Episode 143 of The Informed Life podcast features a conversation with my friend Harry Max. Harry is an executive player-coach with a long trajectory in Silicon Valley. Through his consultancy, Peak Priorities, he helps senior leaders and their teams realize their visions by zeroing in on pragmatic solutions to complex challenges.
And on that note, Harry’s written a new book, called Managing Priorities, that teaches leaders how to do just that. Harry’s approach is grounded in his experience working in leadership positions in companies large and small. He’s formalized it into a model called DEGAP, which stands for
- Decide
- Engage
- Gather
- Arrange
- Prioritize
These steps must be done sequentially, much like mise en place precedes the preparation of a meal. Most of us think of priorities in the context of the last step, but the first four are critical.

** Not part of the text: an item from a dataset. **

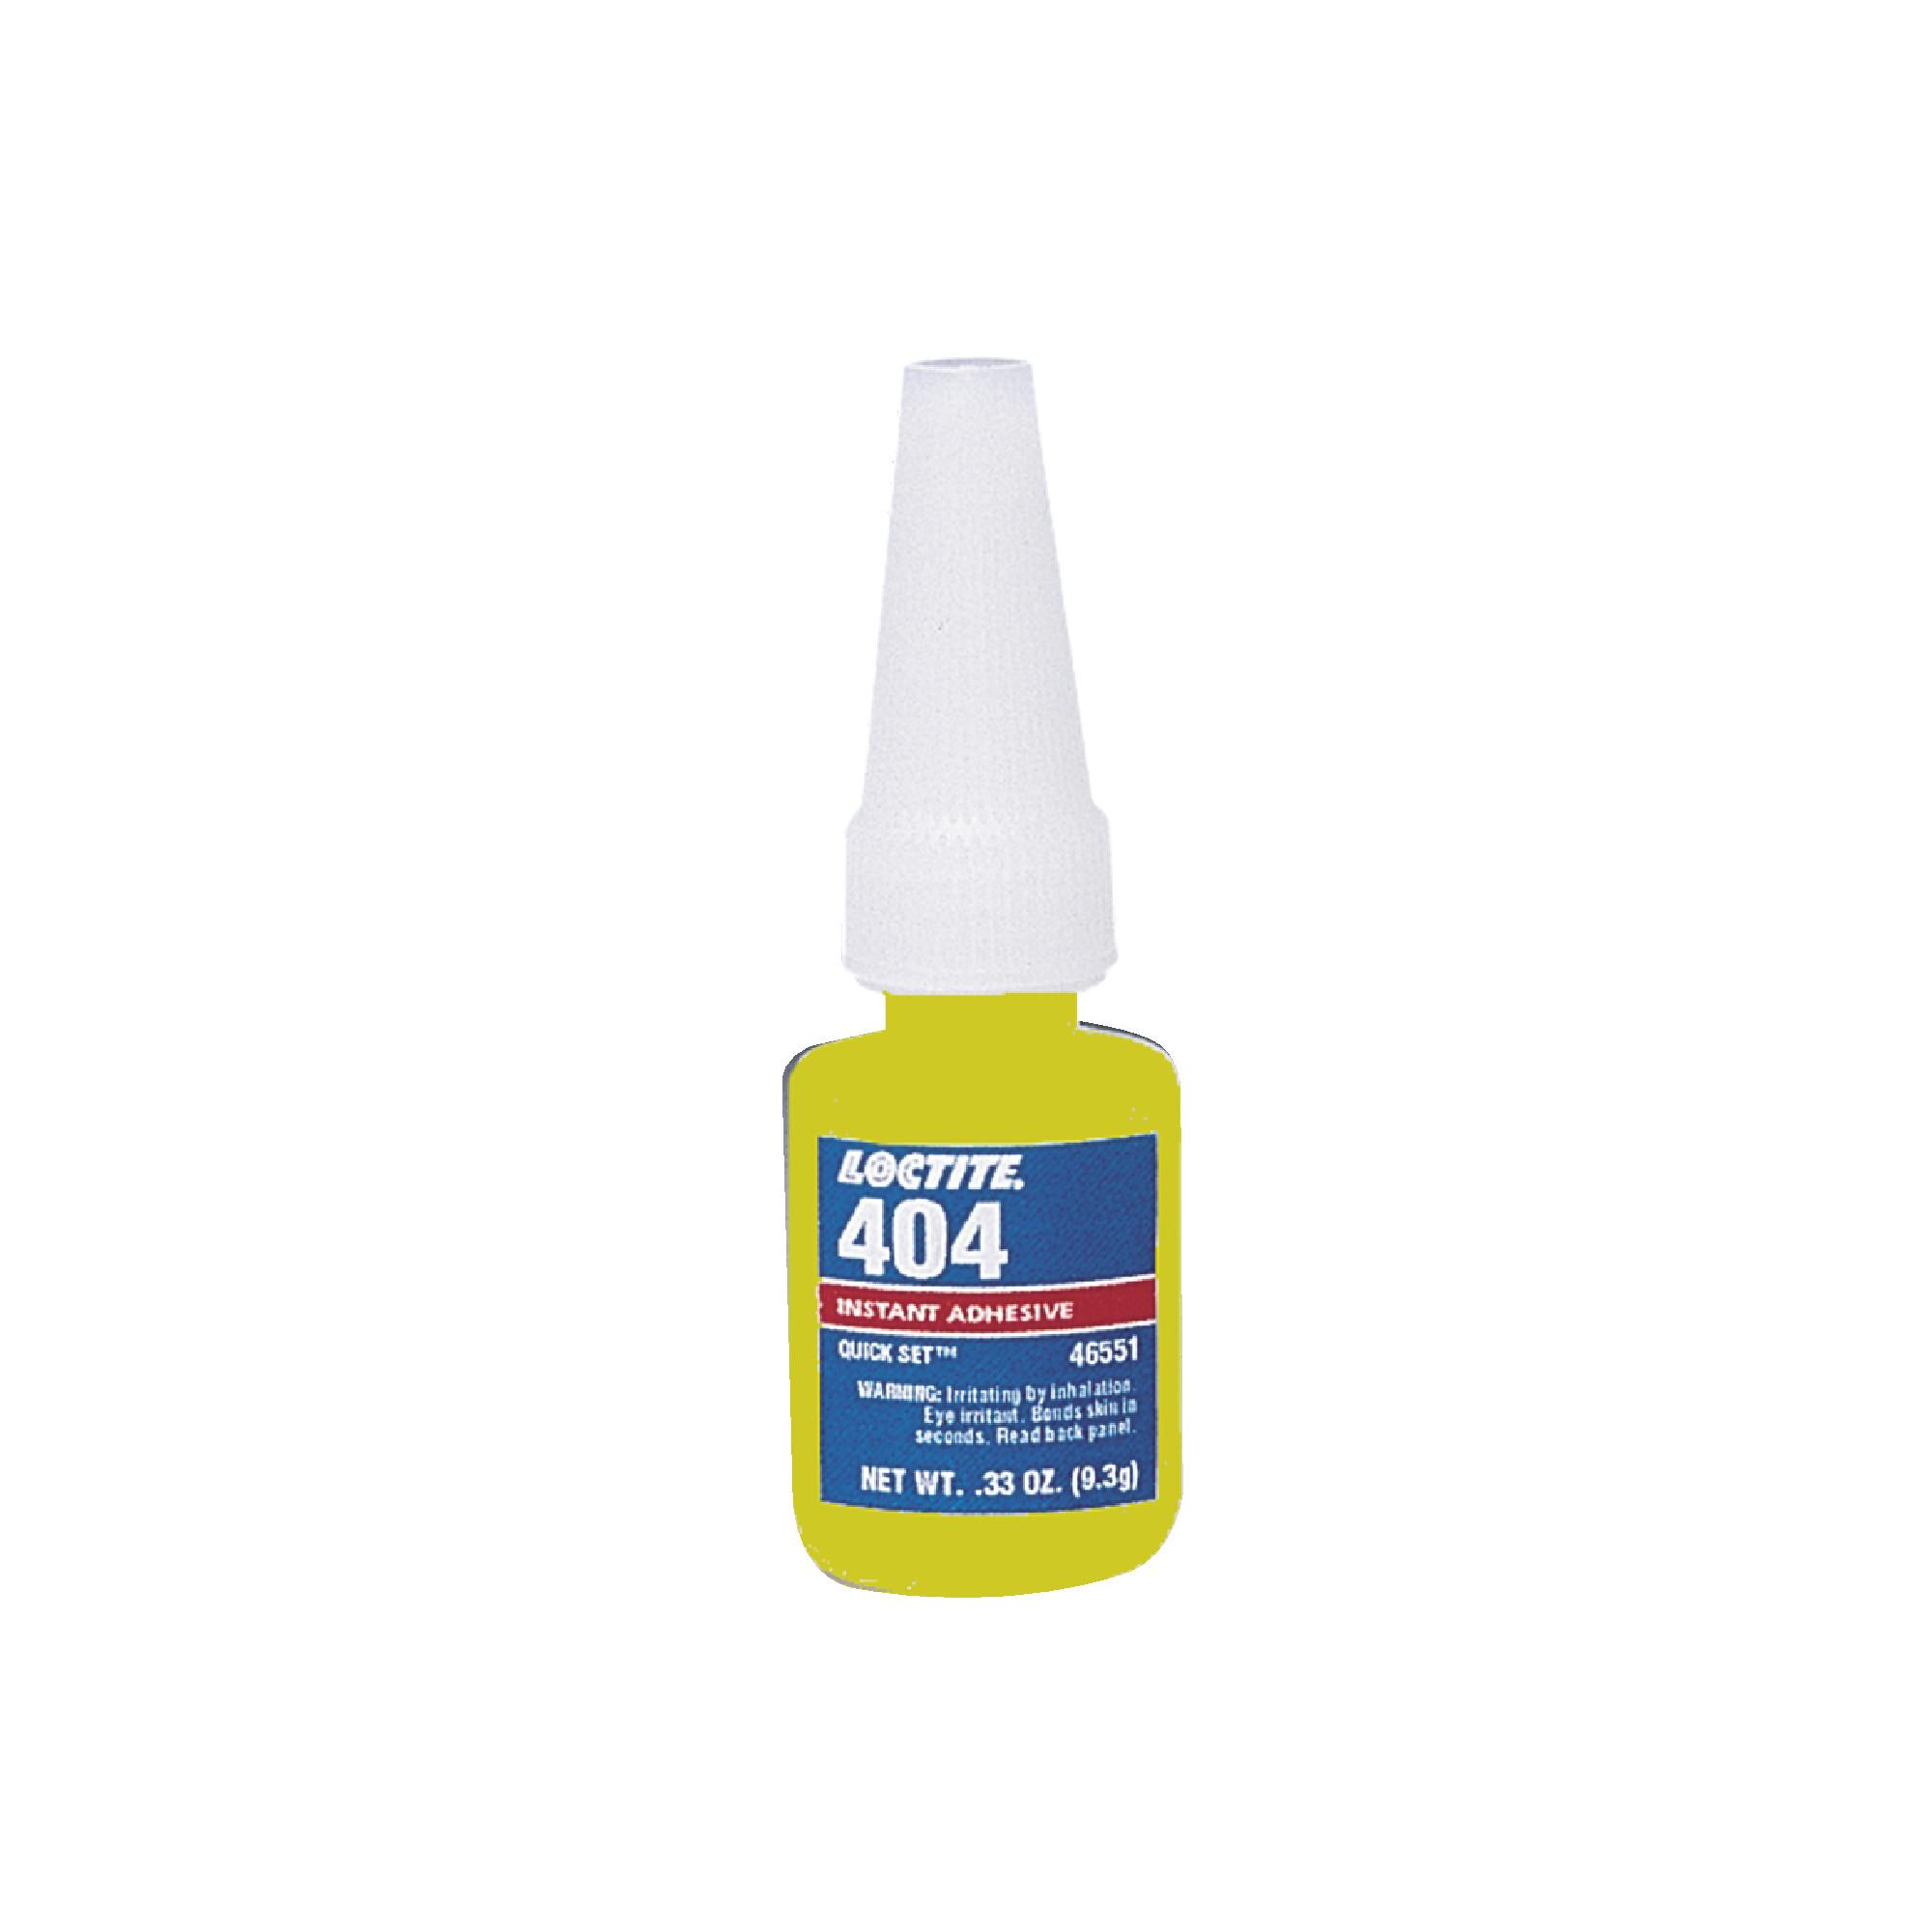 404™ Quick Set™ Instant Adhesive

Getting to the point where prioritization can happen entails communicating across the organization. In the process, leaders and team members become aligned. In the book (and in our conversation) Harry explained what can happen when teams don’t do this:
Ultimately, I ended up leaving Virtual Vineyards after about two years. Once the system was alive, launched, and stable, the other two founders and I, Robert and Peter, ended up kind of diverging in terms of what our priorities were and how we were approaching building the store, building the business, and building the technology. So, the Virtual Vineyards story goes back to, in some ways, the beginning of a part of the commercialization of the internet. It looks at what we were trying to do, where we did things well, and how our visions started to come apart and how the priorities that fell out of those differing visions ended up, I think, setting the company on a course to not be what Amazon is today.

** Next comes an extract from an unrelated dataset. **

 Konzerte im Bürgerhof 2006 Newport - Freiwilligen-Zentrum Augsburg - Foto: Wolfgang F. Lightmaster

Getting aligned is especially important in times of turmoil. Harry experienced one such time when his boss was unexpectedly replaced:
We had literally spent months wrangling all of these priorities across every possible function in this product org to get everything stable so that we could create a predictable, consistent operating model to run the product organization. In a phone call, I knew it was going to be thrown out, and I was the person with the knowledge on the files. I knew what all the items were; they were in giant spreadsheets, right? I was like, “Oh my God, this is going to be crazy.”…
So I got on a plane and flew back. I took the model that we had been using, which was this prioritization pyramid that I invented, which I talk about in the book. It helps unpack the different time horizons of priorities across different major categories of work: new features and capabilities, process automation, experience defects, and so on. I had to realign all of the work we had done in these complicated spreadsheets and get them plugged back into this visual framework so that we could start debating where we were going to make changes. This allowed people to see and understand, “Look, here’s where we were. This is what we had agreed to, this is what we were focused on, and this is what leadership had ratified.”
The process of prioritization brought clarity and alignment, reducing the craziness and stress it entails. Harry’s book is packed with real-world case studies and frameworks that can help you bring alignment and clarity to your team as well.